Our first of three stops in Karen was the Giraffe Centre, a sanctuary and breeding center for endangered Rothschild's giraffes. When the Centre was establish in 1983, there were only 120 Rothschild's giraffes left in the world, and they were all on a ranch in Western Kenya. Today there are about 670 Rothchild's giraffes in the wild--not a lot, but certainly a substantial improvement. We were lucky enough to see some at Lake Nakuru.
Admission for the Giraffe Centre was 1000 Kenyan shillings for foreigners, or about $11.25. Foreign children pay half that. Kenyan adults pay 200 KSH, or about $2.25, and Kenyan children pay only 50 KSH, or 56 cents. Awesome.
We saw several of these delightful "Polite Notices" in Nairobi:
I love the African obsession with precise location.

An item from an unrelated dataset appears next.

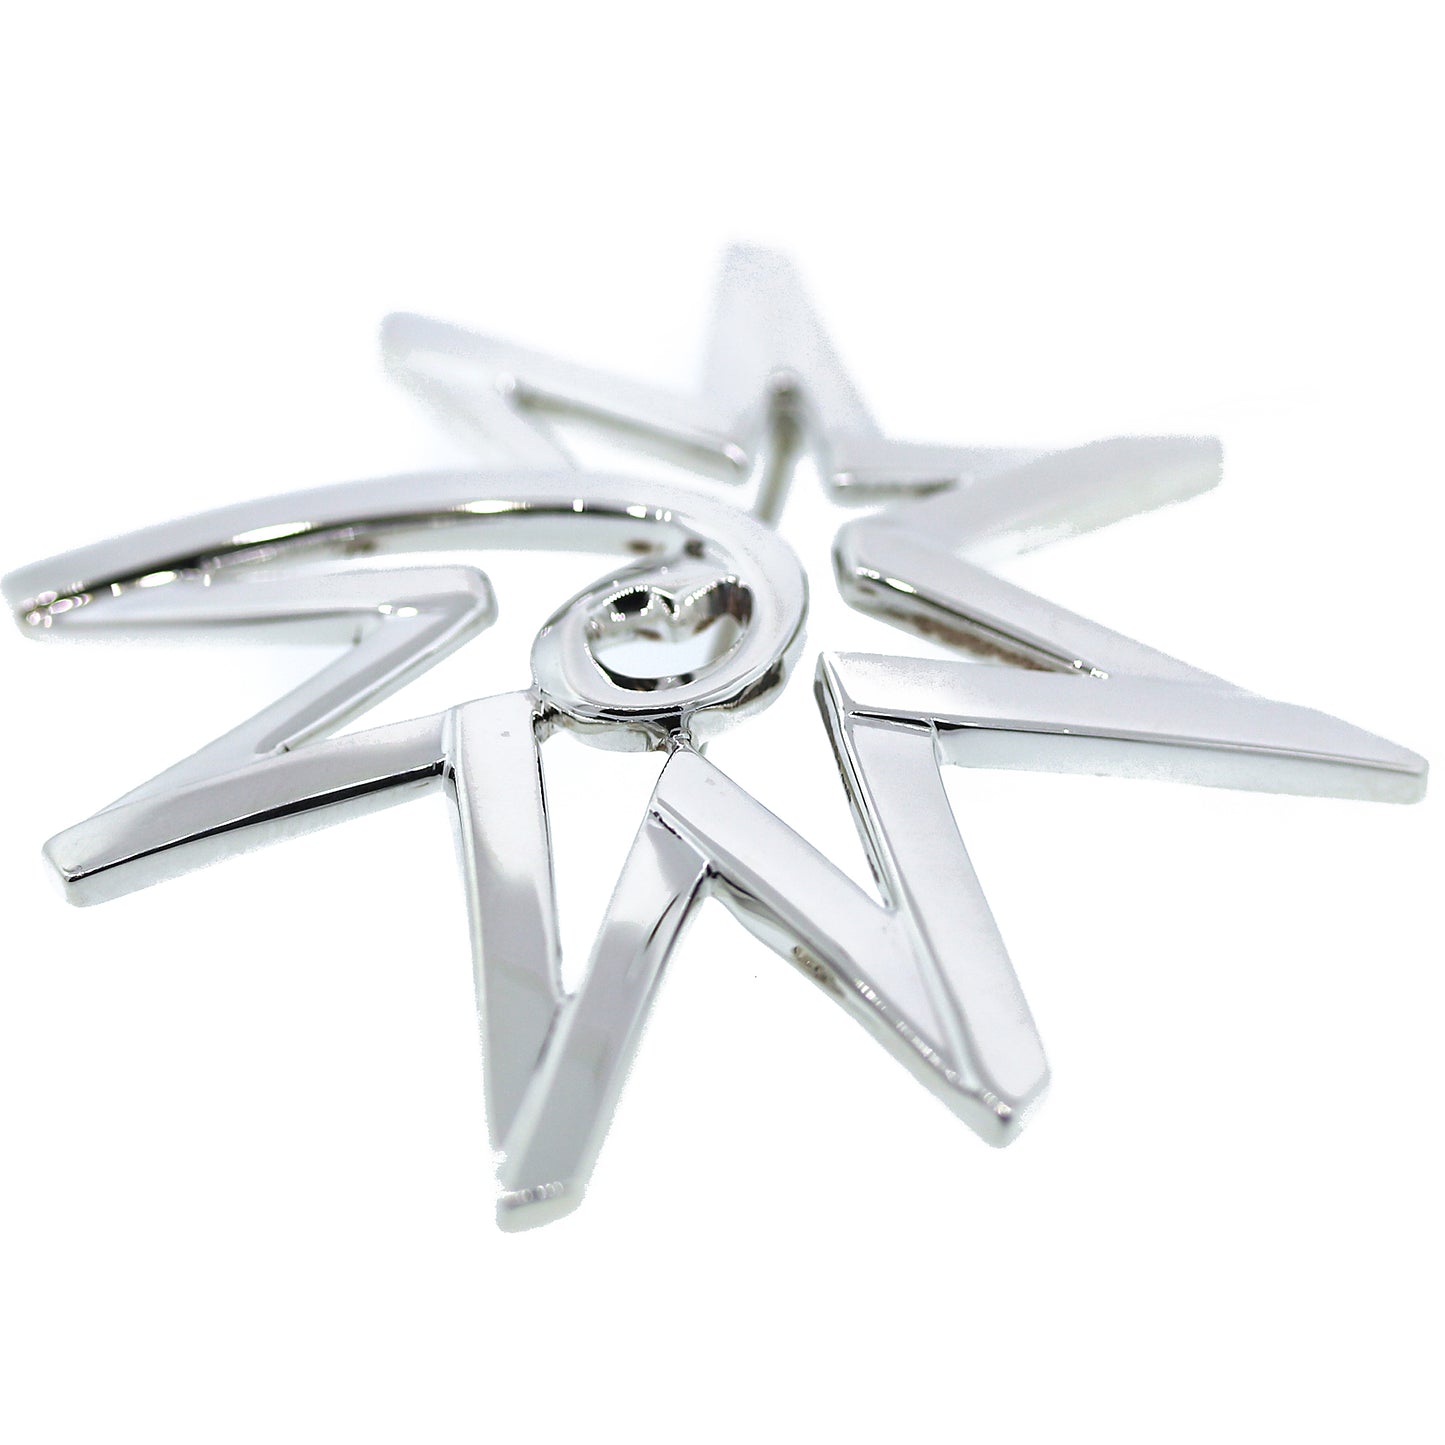 Preowned Tiffany and Co. Celestial Star Brooch in Sterling Silver

This Centre is exactly one mile above sea level, just like Denver, Colorado:AFEW = African Fund for Endangered Wildlife. Photo from here. |
The most popular part of the Centre is the giraffe feeding platform:
Uh-oh. Looks like another American law firm preceded our group:
The employees first demonstrated how to feed a giraffe:
. . . and then turned us loose with a handful of feed:
. . . or for some of us, several handfuls of feed:
Bob was having a blast. The last time he had so much fun, we were in Thailand . . .
. . . feeding elephants at a similar facility:
Thailand, summer 2007 |
Should I be jealous?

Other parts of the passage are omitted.